Repeat the data exactly as given below, dropping every picture.

# DATA BLOCK
>>>>>

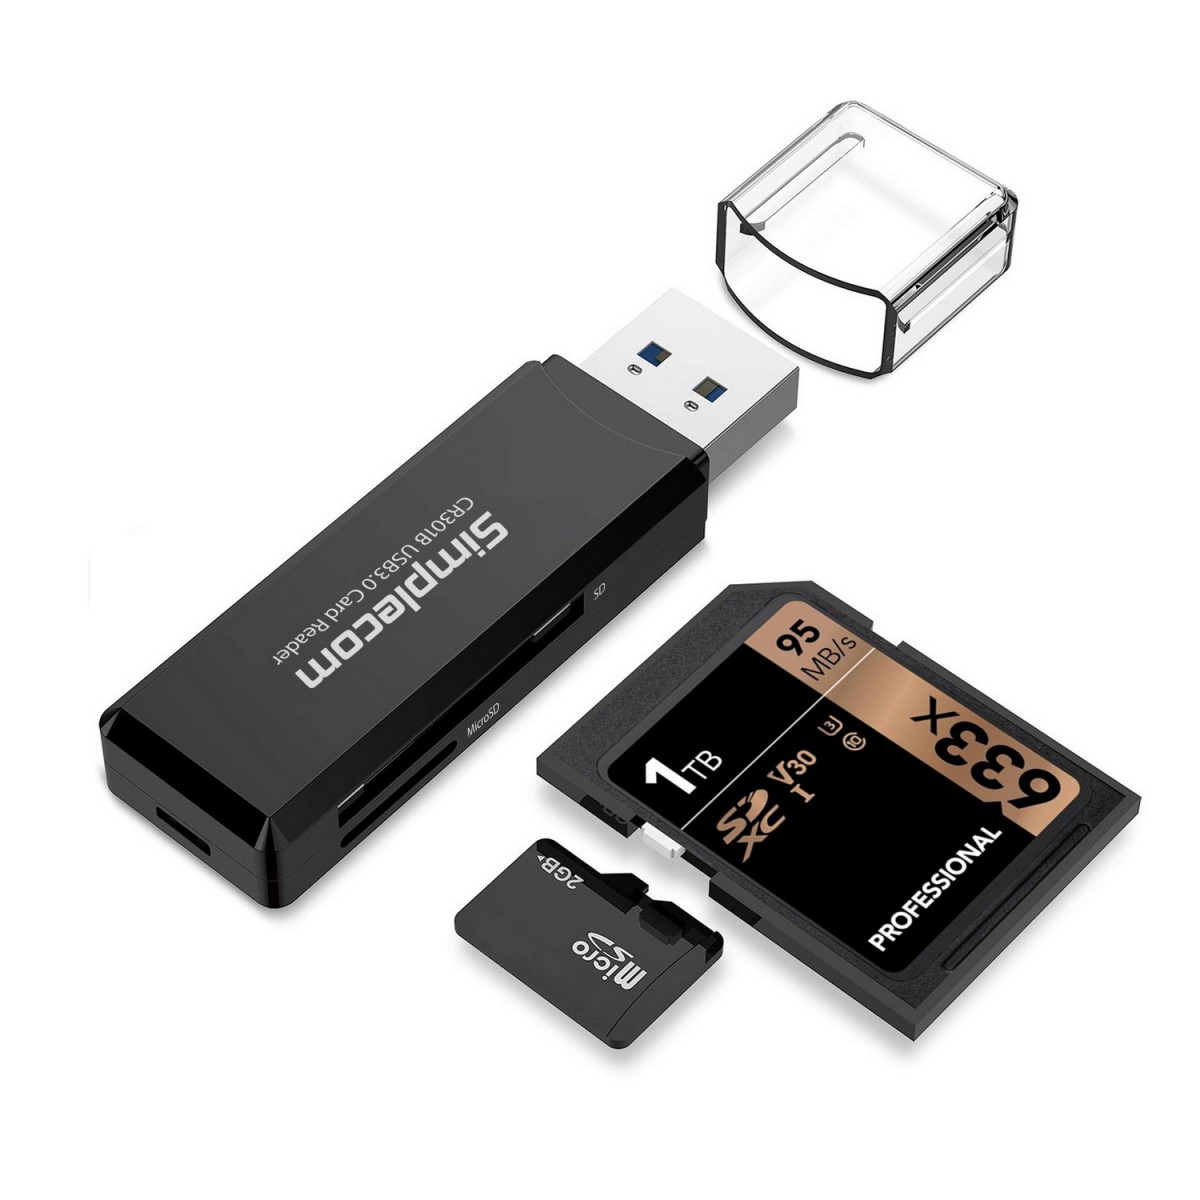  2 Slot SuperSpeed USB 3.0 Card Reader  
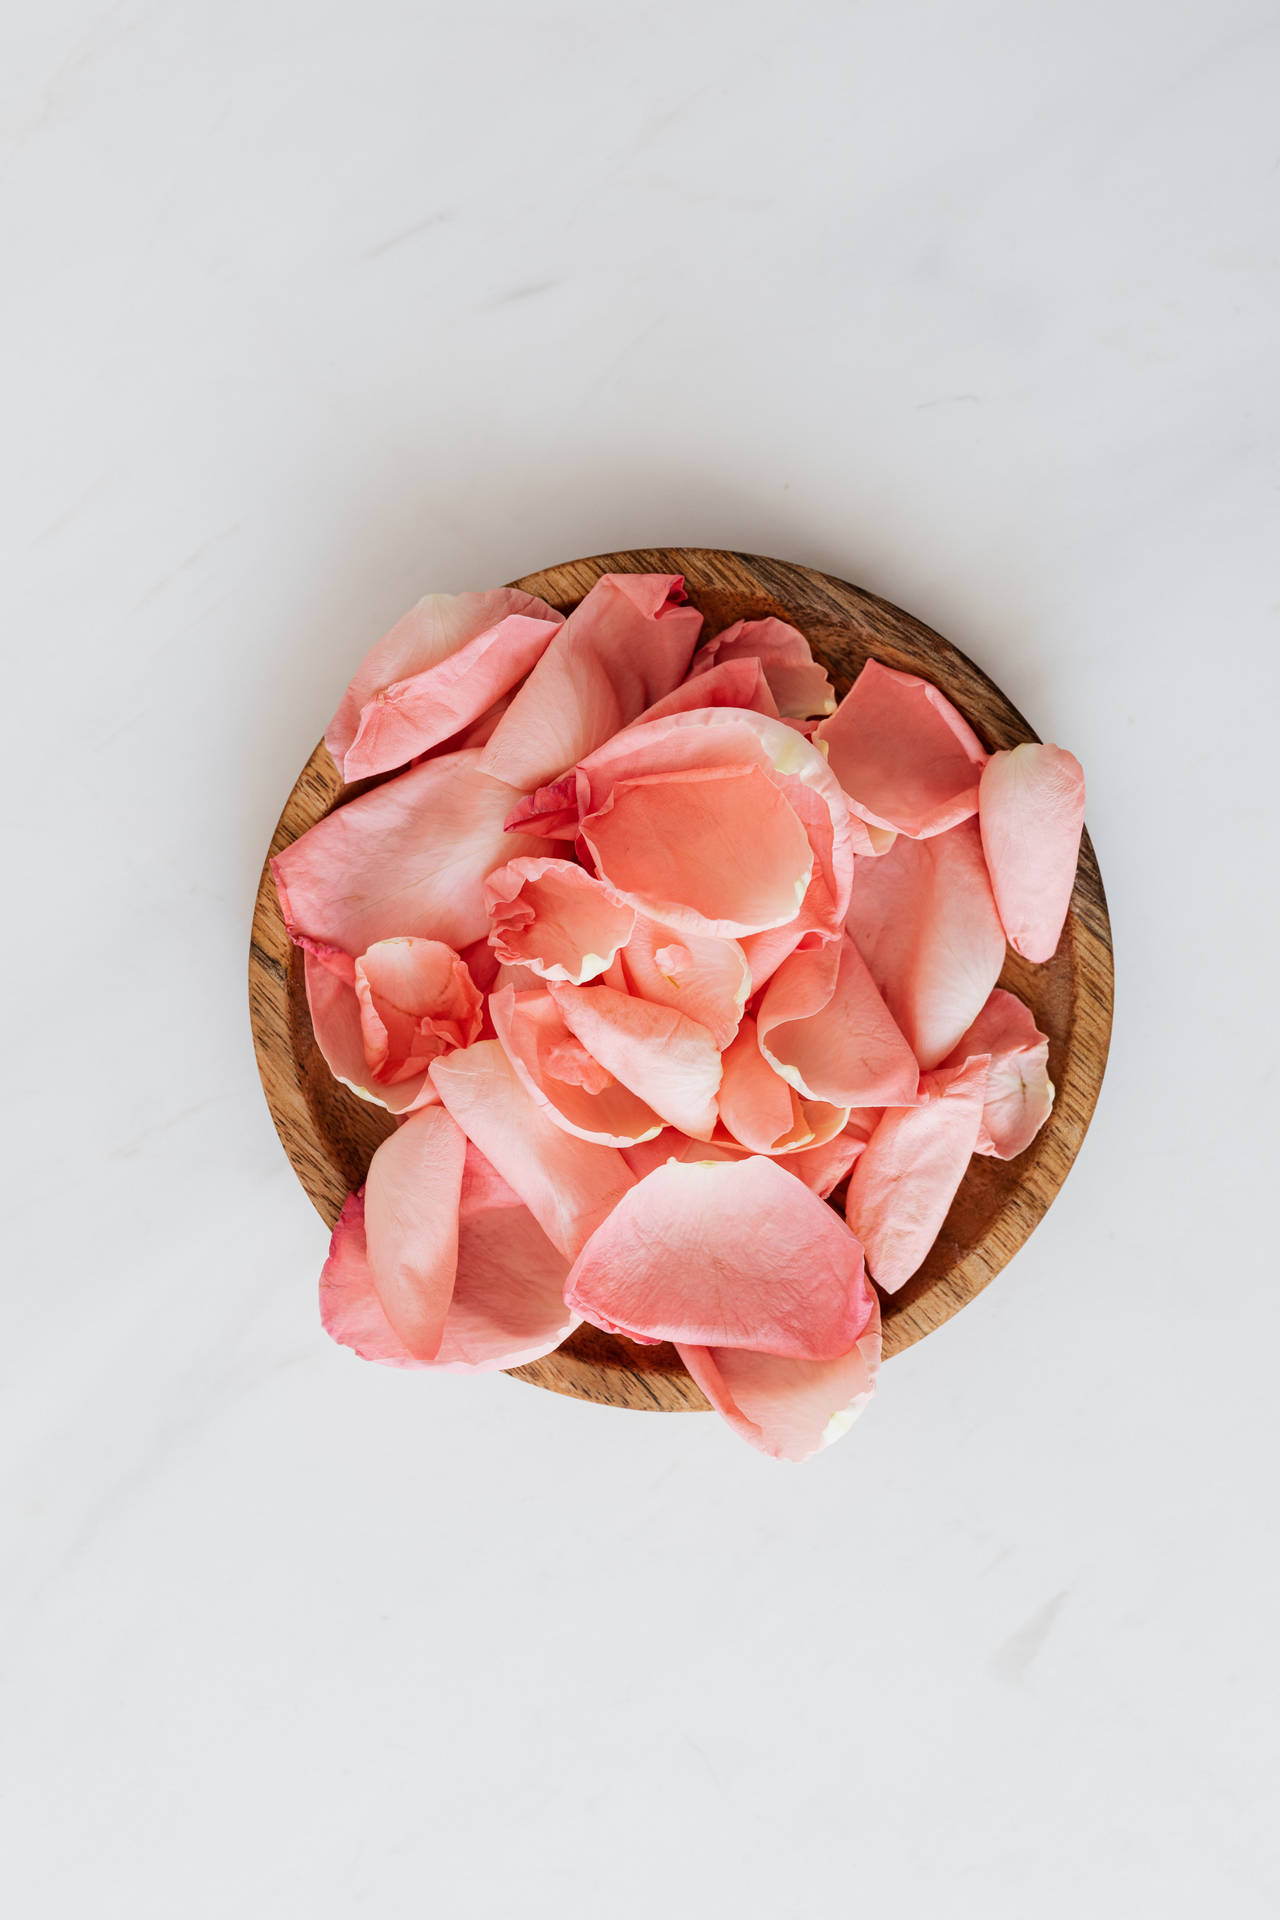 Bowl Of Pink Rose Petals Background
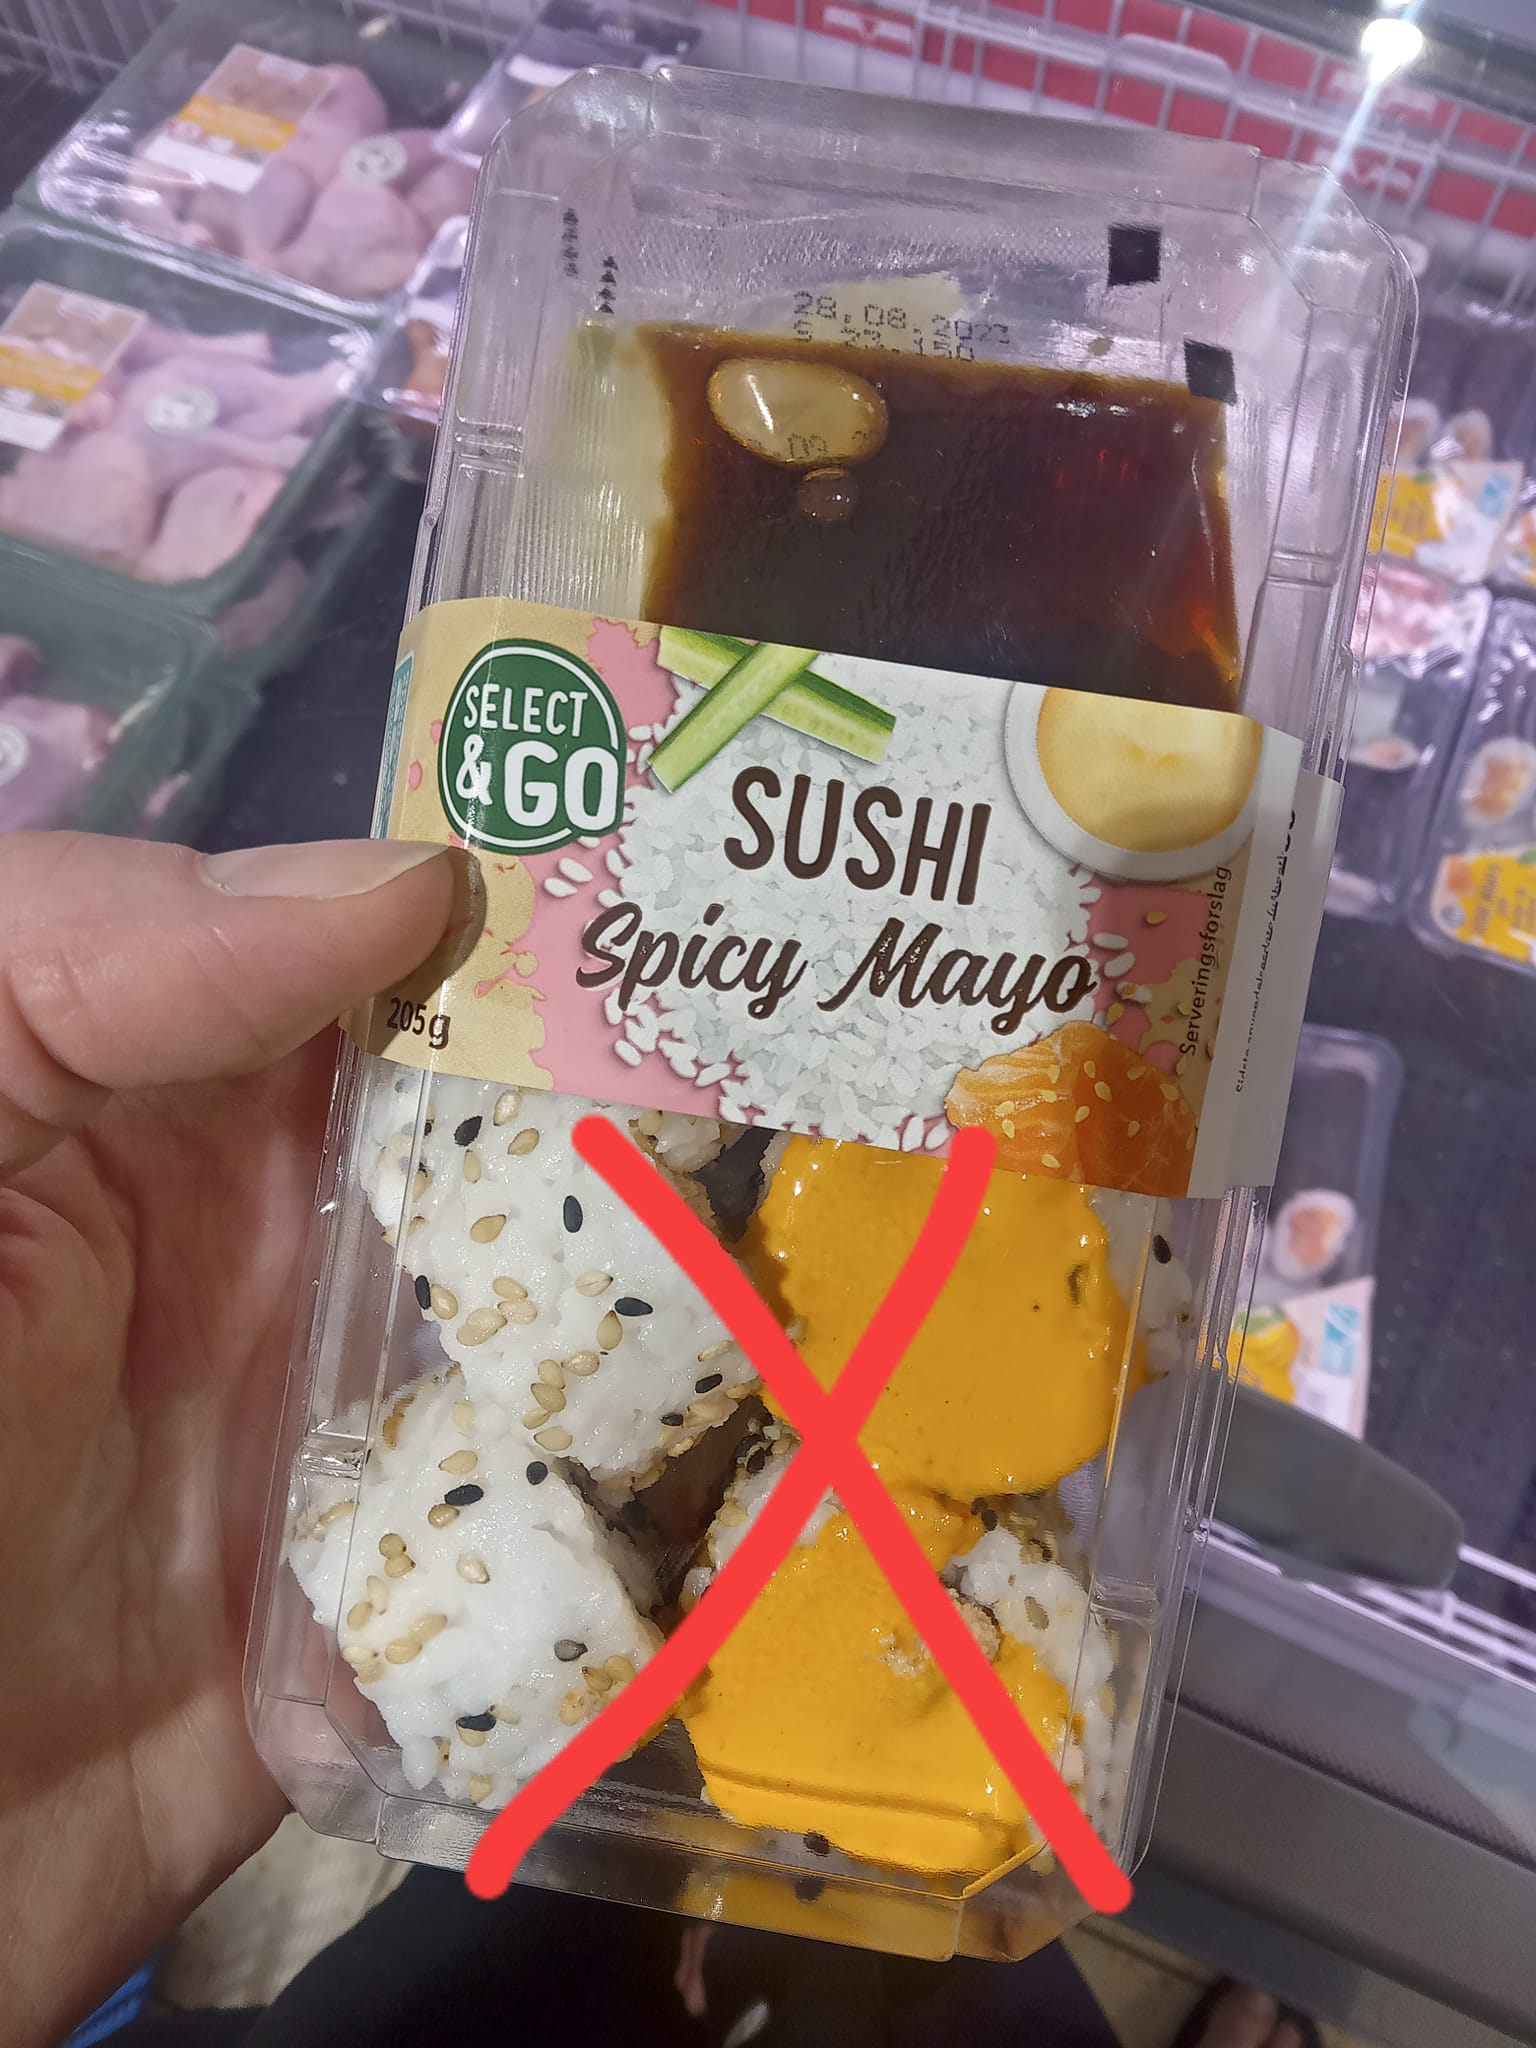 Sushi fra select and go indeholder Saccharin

<<<<<

# EXERCISE ANSWER
  2 Slot SuperSpeed USB 3.0 Card Reader  
 Bowl Of Pink Rose Petals Background
 Sushi fra select and go indeholder Saccharin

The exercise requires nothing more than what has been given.